Endothelial cell dysfunction in globoid cell leukodystrophy


  • SIGNIFICANCE: This Mini-Review summarizes recent advances implicating endothelial cell dysfunctions resulting from lysosomal β-galactosylceramidase deficiency in globoid cell leukodystrophy (GLD). Microvascular alterations occur in the central nervous system and peripheral tissues of affected patients and twitcher mice, an animal model of the disease. These alterations may depend, at least in part, on the local and systemic angiostatic activity of the neurotoxic metabolite psychosine, with endothelial dysfunction representing a novel pathogenic mechanism of this neurodegenerative disorder. Understanding the molecular mechanisms responsible for the psychosine-dependent and psychosine-independent microvascular alterations may pave the way toward more efficacious therapeutic approaches in GLD.

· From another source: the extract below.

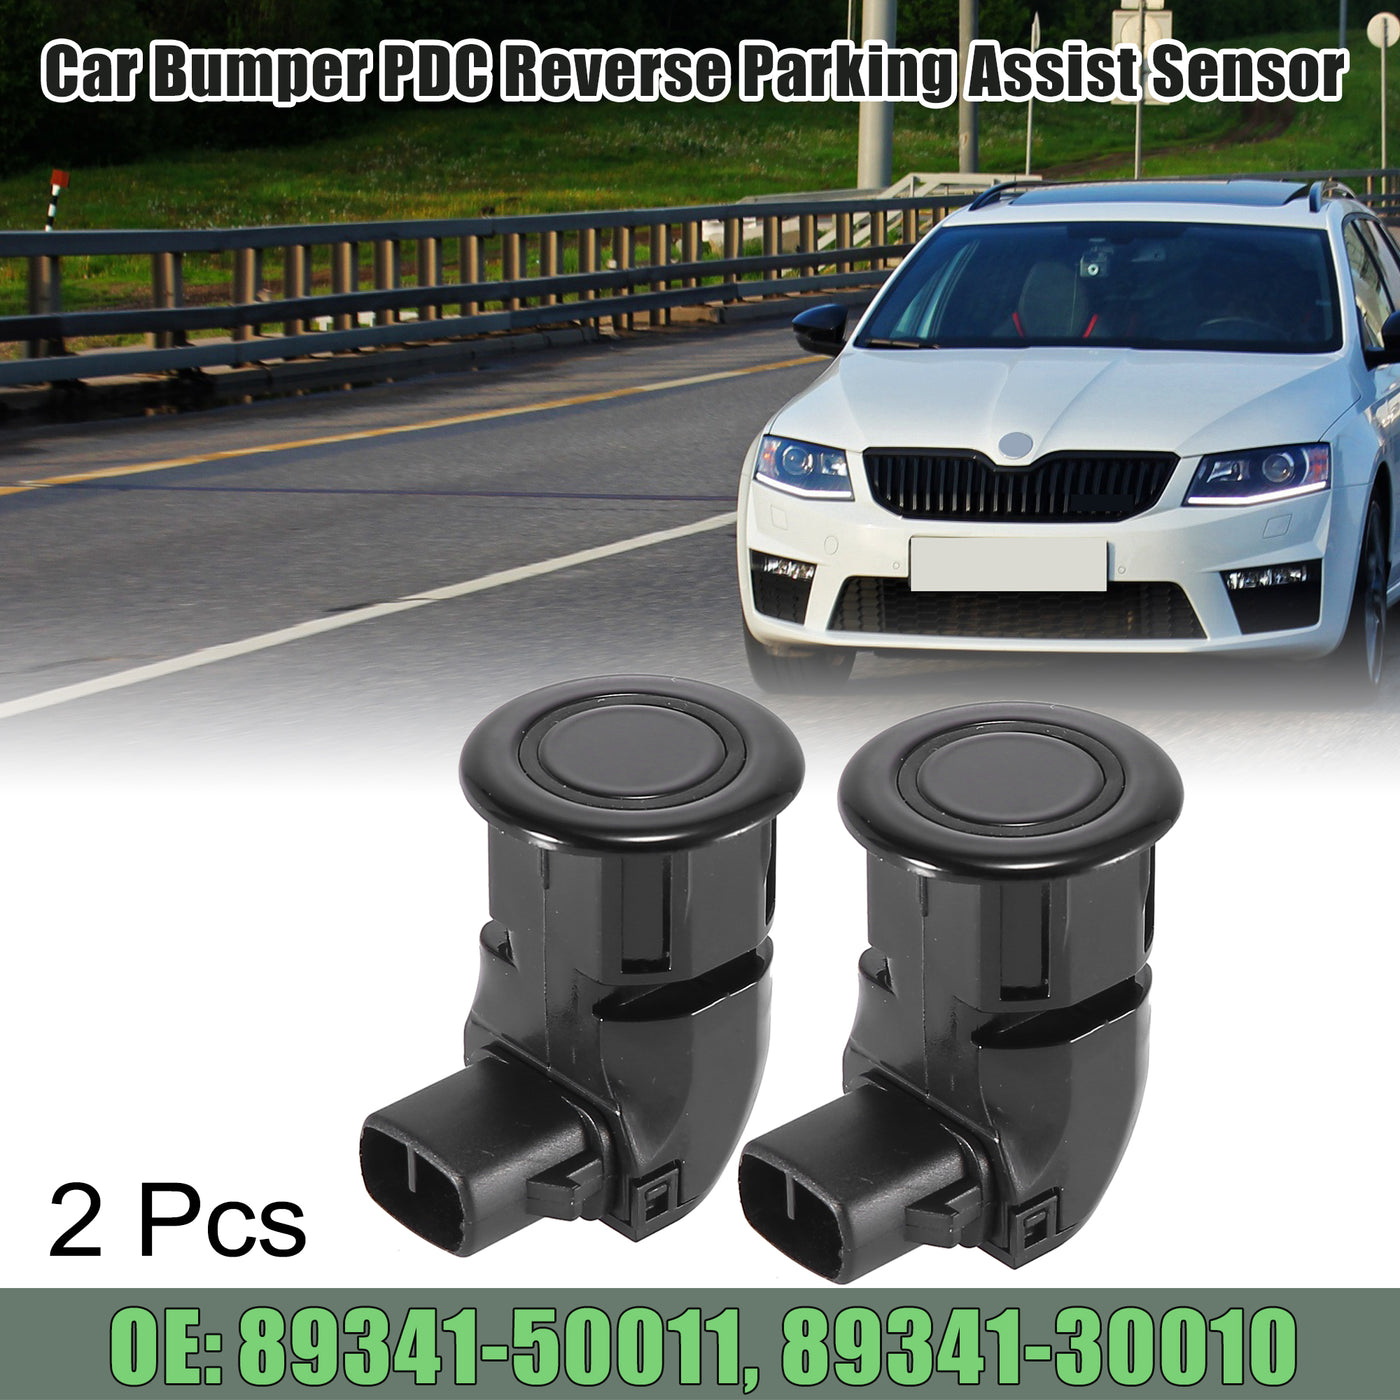 X AUTOHAUX 2pcs Car Bumper PDC Reverse Parking Assist Sensor for Lexus ISF IS250 IS350 GS350 89341-30010-C0

Angiogenesis plays a pivotal role in the physiology and pathology of the brain. Microvascular alterations have been observed in various neurodegenerative disorders, including genetic leukodystrophies. Globoid cell leukodystrophy (GLD) is a lysosomal storage disease caused by β-galactosylceramidase (GALC) deficiency and characterized by the accumulation of the neurotoxic metabolite psychosine in the central nervous system and peripheral tissues. Structural and functional alterations occur in the microvascular endothelium of the brain of GLD patients and twitcher mice, a murine model of the disease. In addition, increased vessel permeability and a reduced capacity to respond to proangiogenic stimuli characterize the endothelium of twitcher animals. On the one hand, these alterations may depend, at least in part, on the local and systemic angiostatic activity exerted by psychosine on endothelial cells. On the other hand, studies performed in vivo on zebrafish embryos and in vitro on human endothelial cells suggest that GALC downregulation may also lead to psychosine-independent neuronal and vascular defects. Together, experimental observations indicate that endothelial cell dysfunctions may represent a novel pathogenic mechanism in human leukodystrophies, including GLD. A better understanding of the molecular mechanisms responsible for these microvascular alterations may provide new insights for the therapy of GLD. © 2016 Wiley Periodicals, Inc.